На самом деле он вовсе не был уверен, что на Дженевив можно давить. Она была своенравной и упертой, рьяно охраняла свои интересы. Однако теперь, расстроенная, потерянная, она не казалась такой уж независимой. Ричард чувствовал: она хочет открыться.

– Отец настаивает на браке с лордом Невиллом, – выпалила Дженевив.

– Да он с ума сошел! – изумился Ричард. – Разве он не знает, что произошло вчера после приема.

– Папа не хочет ничего слышать. Я просила не пускать лорда Фэрбродера на порог, а он заявил, что все мои обвинения – вздор. – Она вздохнула.

Как же невыносимо было сидеть рядом, но не иметь возможности обнять ее, утешить! Ричард просто сходил с ума. Решение проблемы почти сложилось в глубине его сознания, но он не был готов облечь свою безумную идею в слова. К тому же Дженевив вряд ли станет его слушать.

– Отец не поверил, что Фэрбродер напал на тебя прямо в экипаже? – уточнил он.

Тонкая шея девушки судорожно дернулась.

– Нет. – Она всхлипнула. – Он заявил, что это клевета на благородного человека.

Ричард насупился.

– Что ж, отцу придется поверить тебе, потому что я намерен рассказать ему правду. Он не должен жить в выдуманном мире, всякий раз забывая об интересах родной дочери.

Он попытался встать, но Дженевив схватила его за руку.

– Не надо!

От ее прикосновения по руке Ричарда прошла горячая волна.

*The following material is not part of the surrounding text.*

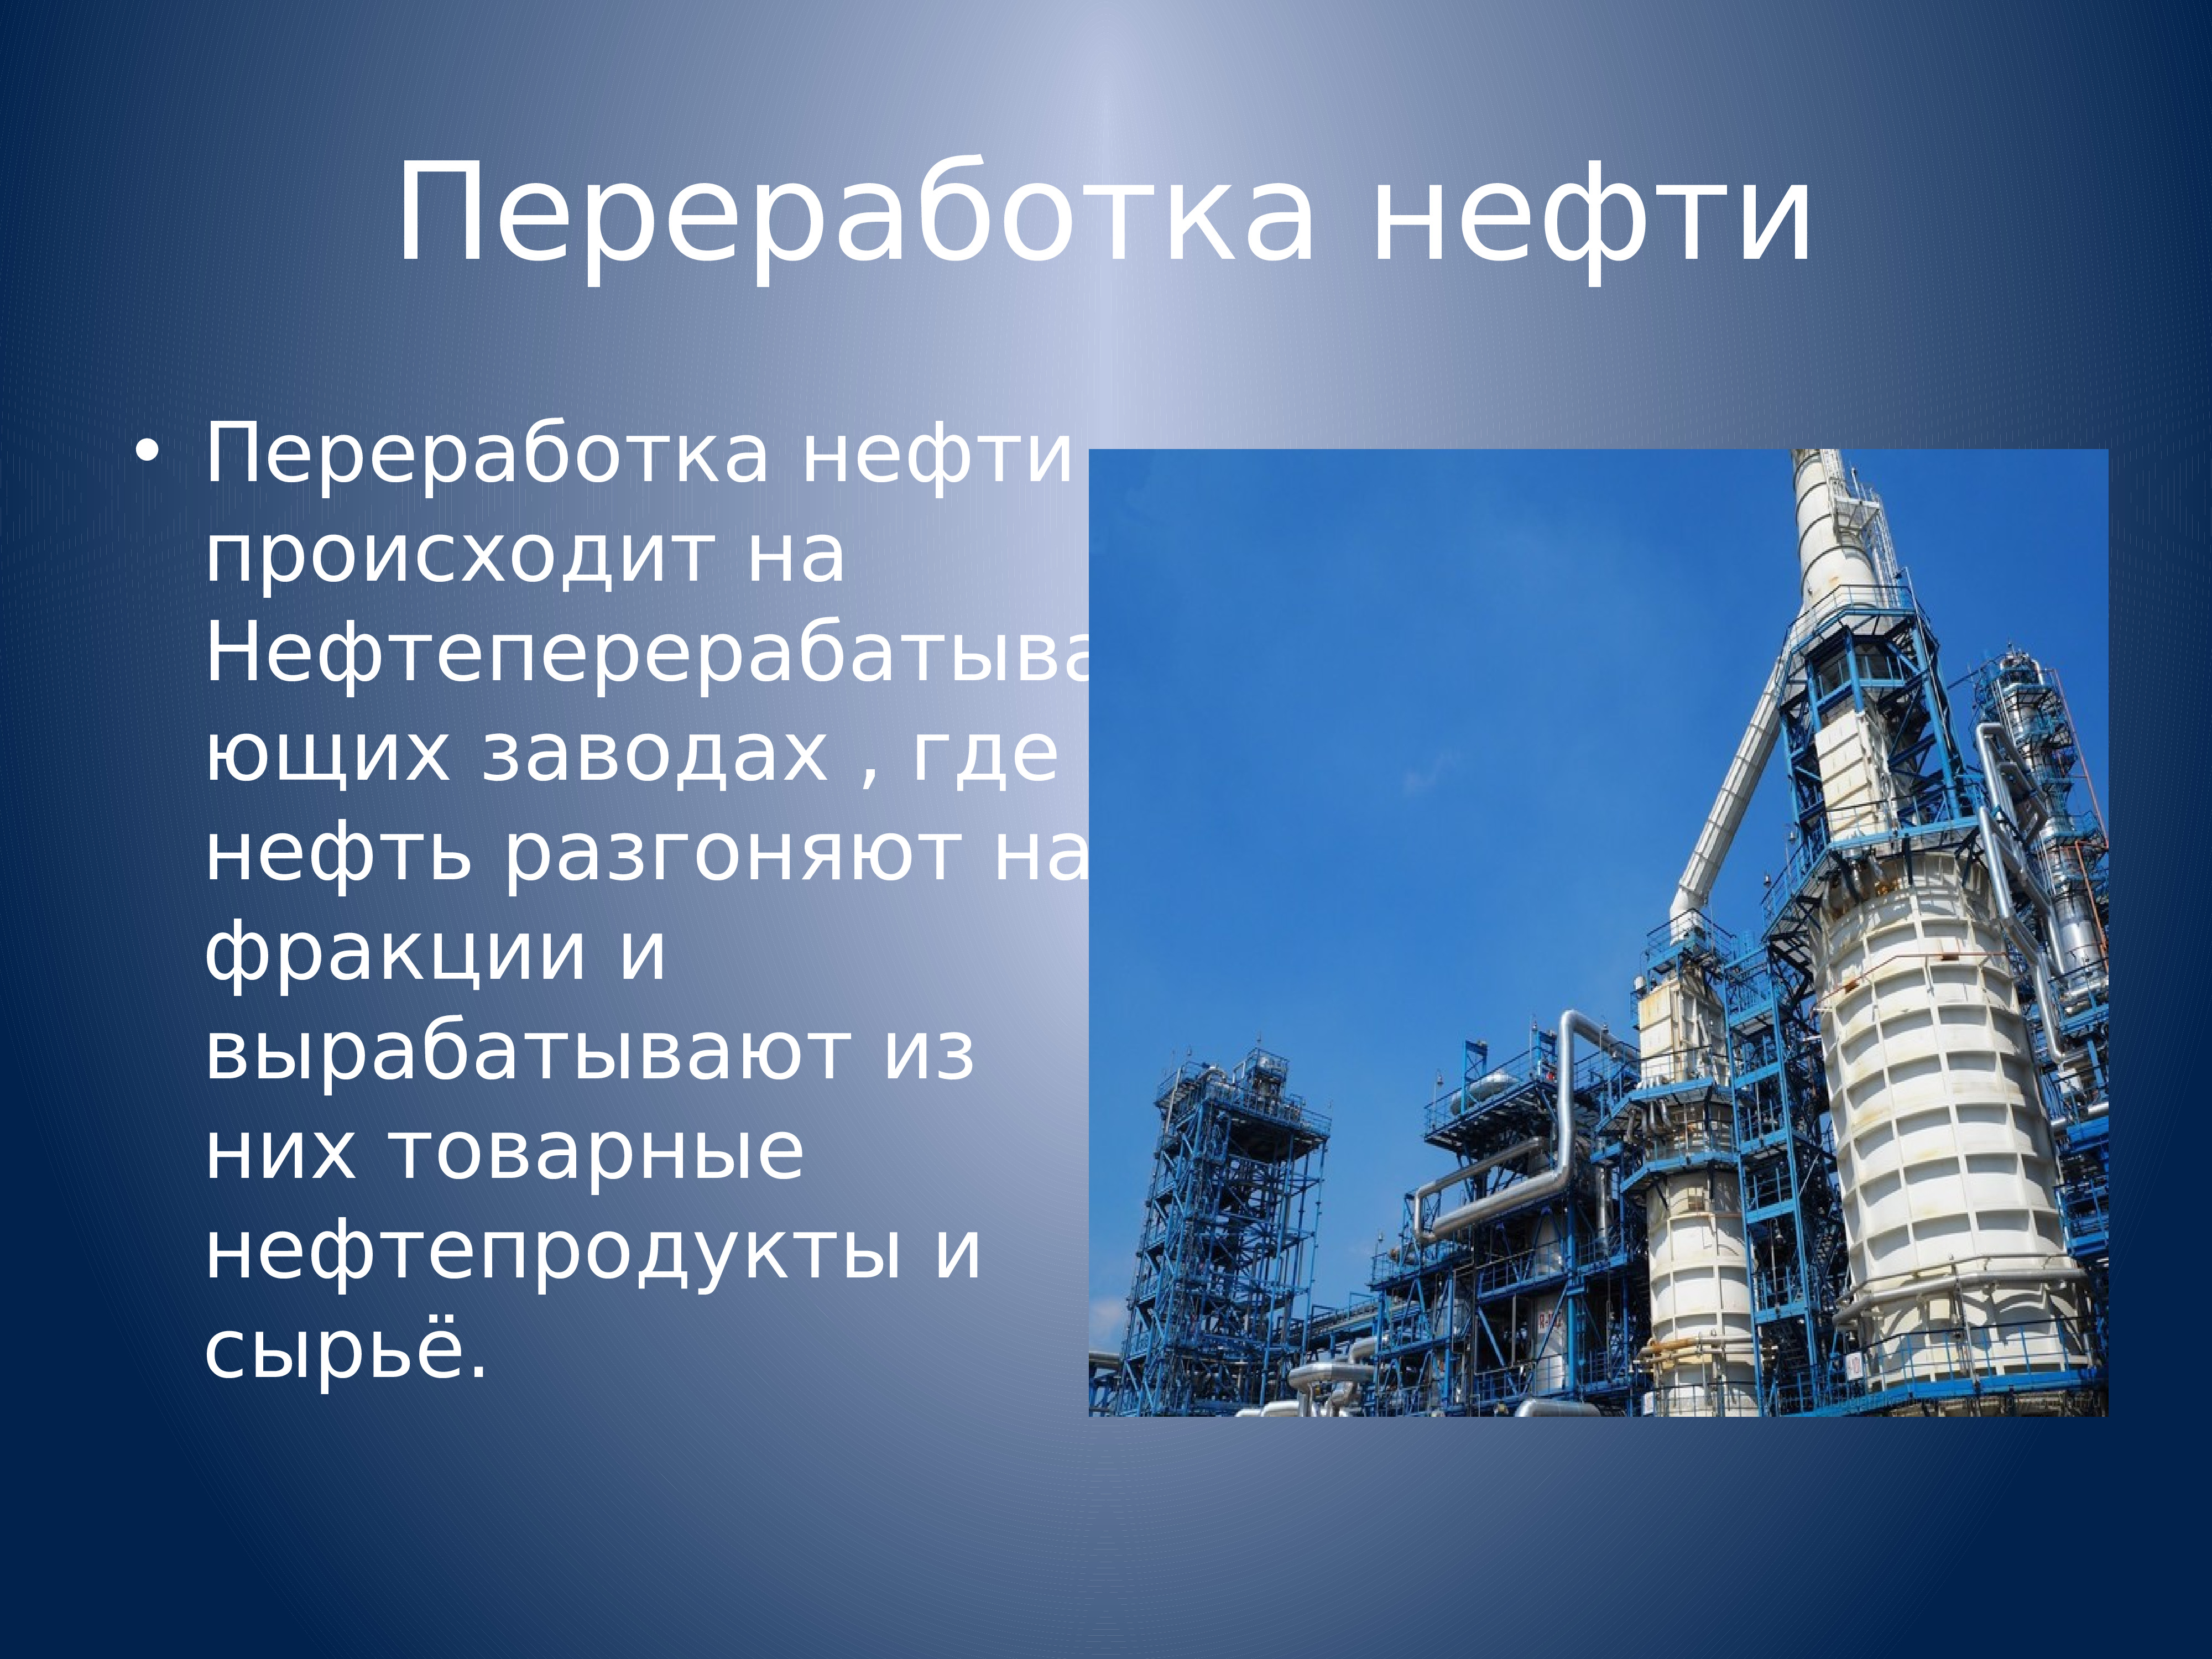 какое место в россии занимает нефтегазовая промышленность

– Может, ты думаешь, что он не станет слушать меня, потому что я самозванец?

Она покачала головой.

– Я не рассказала отцу, кто ты. Он и так натерпелся…

– Натерпелся… – повторил Ричард.

То, что девушка так щадила чувства отца, было похвальным и немного… наивным. Викарию давно следовало раскрыть глаза, но Ричард не мог сделать это против воли его дочери.

Что ж, если мистер Барретт не знает его настоящего имени, нет нужды ночевать в конюшне. Это значительно облегчало Ричарду задачу.

– Ты же помнишь, каким потрясением для отца стало нападение грабителей в тот день в библиотеке? – почти умоляющим тоном произнесла Дженевив.

Он вздохнул, подавляя раздражение. То, как эгоистично викарий относился к единственной дочери, невероятно злило его. Мистер Барретт ценил свой комфорт превыше всего и порой ставил на карту недопустимые вещи: репутацию Дженевив в ученых кругах, ее руку и сердце…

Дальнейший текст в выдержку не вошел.